Google DeepMind has collaborated with classical scholars to create a new AI tool that uses deep neural networks to help historians decipher the text of damaged inscriptions from ancient Greece. The new system, called Ithaca, builds on an earlier text recovery system called Pythia.
Ithaca doesn’t just help historians recover text — it can also identify a text’s origin location and date of creation, according to a new paper the research team published in the journal Nature† Ithaca has even been used to settle an ongoing debate among historians about the correct dates for a group of ancient Athenian decrees. An interactive version of Ithaca is available for free and the team makes the code open source.
Many ancient sources—whether written on scrolls, papyri, stone, metal, or pottery—are so damaged that large chunks of text are often illegible. It can also be a challenge to determine where the lyrics come from, as they have likely been moved several times. As for accurately determining when they were produced, radiocarbon dating and similar methods cannot be used as they can damage the priceless artifacts.
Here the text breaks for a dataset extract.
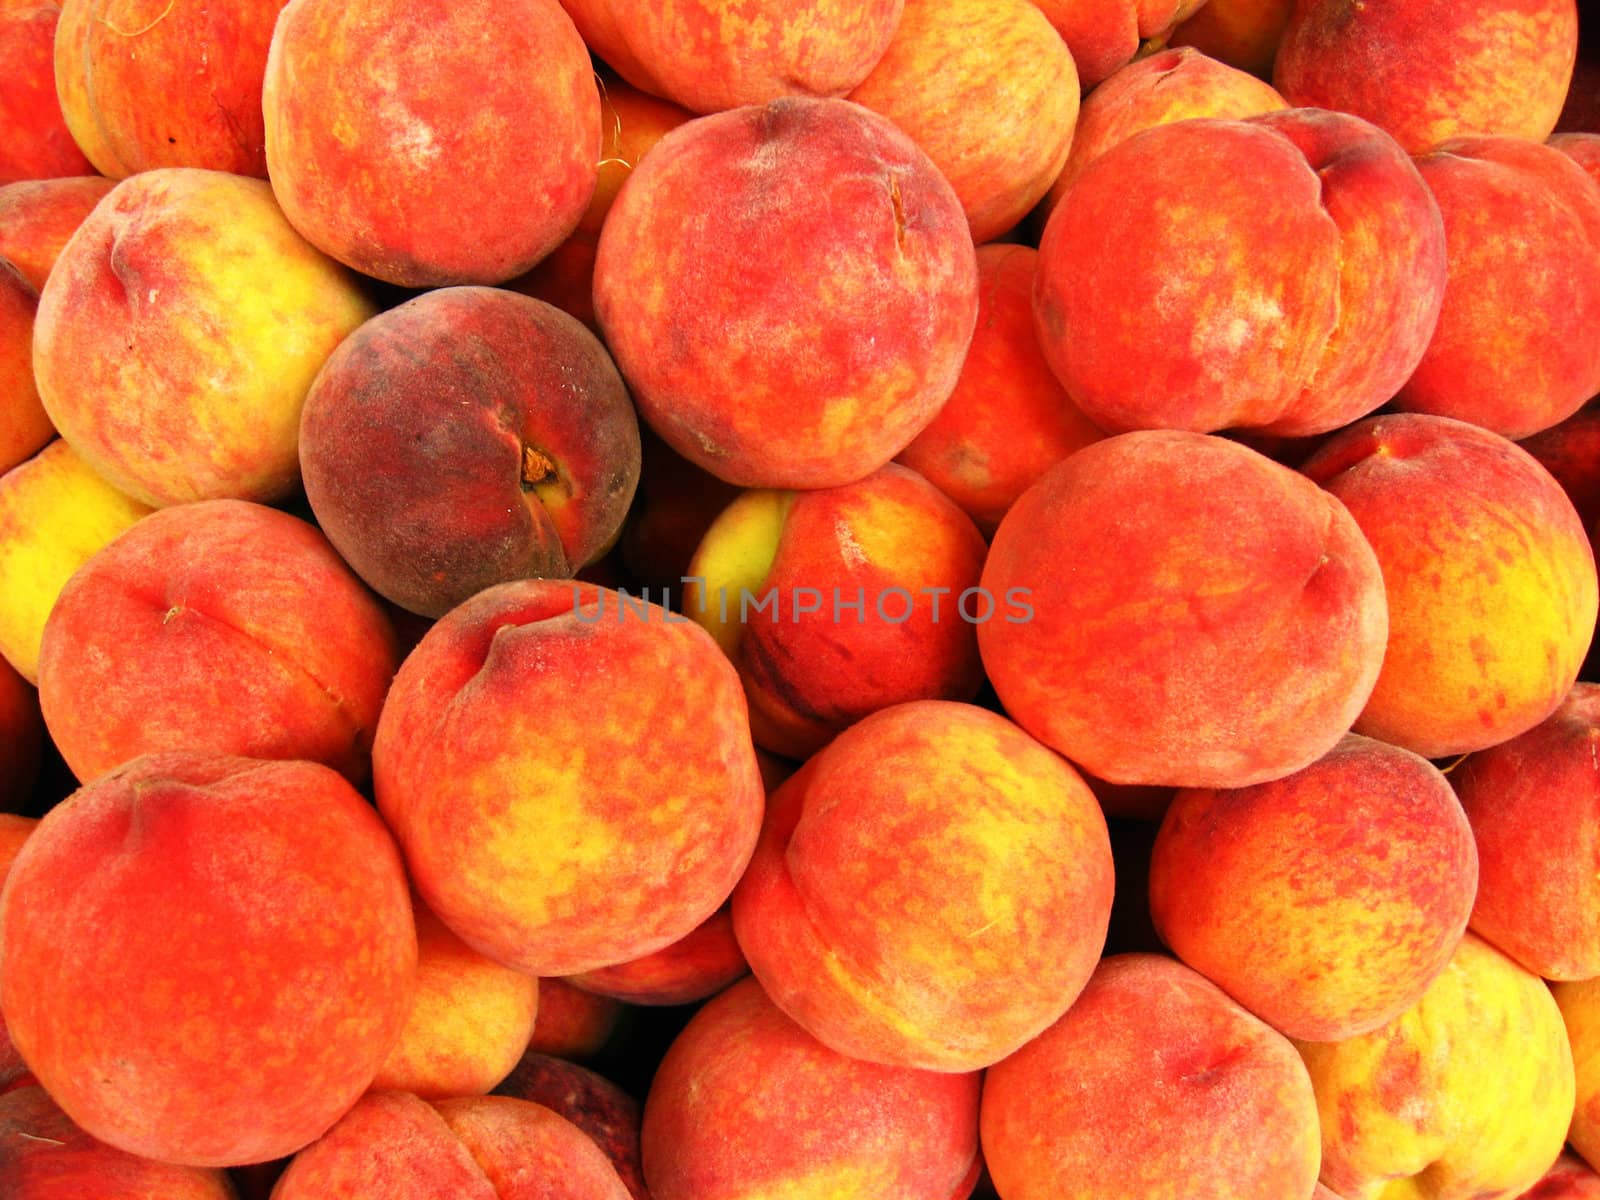 Many bright ripe and tasty peaches by alexmak

So the daunting and time-consuming task of interpreting these incomplete texts falls to so-called epigraphists who specialize in those skills.
As the folks at DeepMind wrote in 2019:
One of the problems with distinguishing the meaning of incomplete text fragments is that there are often multiple possible solutions. In many word games and puzzles, players guess letters to complete a word or phrase. The more letters specified, the more limited the possible solutions become. But unlike these games, which require players to guess a sentence individually, historians restoring a text can estimate the likelihood of several possible solutions based on other contextual clues in the inscription, such as grammatical and linguistic considerations, layout and form, textual parallels, and historical context.
To help speed up the process, DeepMind’s Yannis Assael, Thea Sommershield and Jonathan Prag teamed up with researchers at the University of Oxford to develop Pythia, an ancient text recovery system named after the high priestess who served as the Oracle of Delphi and the sayings of the god Apollo.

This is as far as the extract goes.